Remove every (k+1) th remaining element in kth pass of natural numbers

Question

In the natural numbers series, we've to remove every 2nd element in the 1st pass. Then in the remaining elements, remove every 3rd element in the second pass. Then at Kth pass, remove every (k+1)th element from the remaining elements.

The series will go like this

1, 2, 3, 4, 5, 6, 7, 8, 9, 10, 11, 12, 13, 14, 15, 16, 17, 18, 19, 20, 21, 22, 23, 24, 25, 26, 27, 28, ...

After 1st pass(after removing every 2nd element),

1, 3, 5, 7, 9, 11, 13, 15, 17, 19, 21, 23, 25, 27, 29, ...

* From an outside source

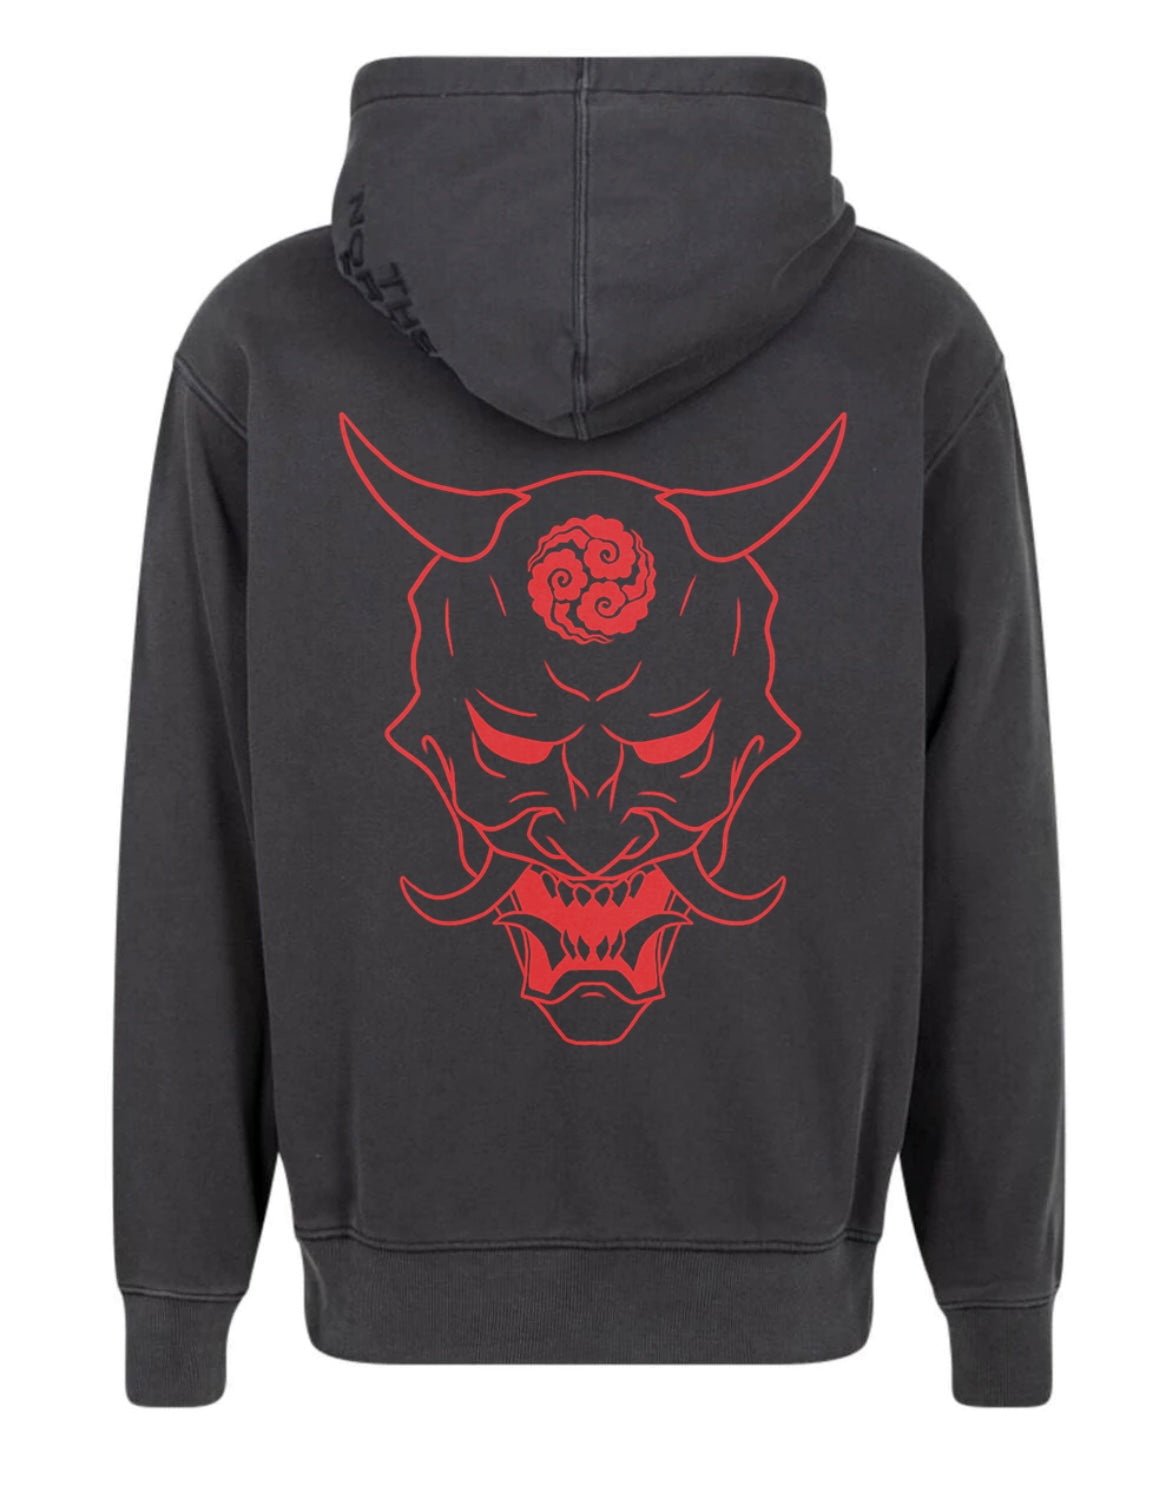 Shinigami X Blood Red Hoodie

After 2nd pass,(after removing every 3rd element),

1, 3, 7, 9, 13, 15, 19, 21, 25, 27, ...

After 3rd pass,(after removing every 4th element),

1, 3, 13, 15, 19, 25, 27, ...

So, after infinity pass, it will become

1, 3, 7, 13, 19, 27, 39, 49, 63, 79, ...

This series is also called Flavius-Josephus sieve.

The solution for this, to find the 6th element in the series:

• do 6^2 = 36
• go down to a multiple of 5 giving 35
• then down to a multiple of 4 = 32
• then down to a multiple of 3 = 30
• then down to a multiple of 2 = 28
• then down to a multiple of 1 = 27
• and so the 6th lucky number is 27.

Though it works, I'm not understanding how the solution works ?

A C program for this is,

int calc(int n)
{
   if (n == 1) return 1;
   return calc_rec(n*n, n-1);
}

int calc_rec(int nu, int level)
{
   int tmp;
   if (level == 1) return (nu-1);
   tmp = nu % level;
   return calc_rec(nu - (tmp ? tmp : level), level-1);
}

The link explaining this http://oeis.org/A000960

Answer 1

This doesn't answer you question, but here is the derivation of a more intuitive algorithm for calculating arbitrary elements of the stream that is as fast.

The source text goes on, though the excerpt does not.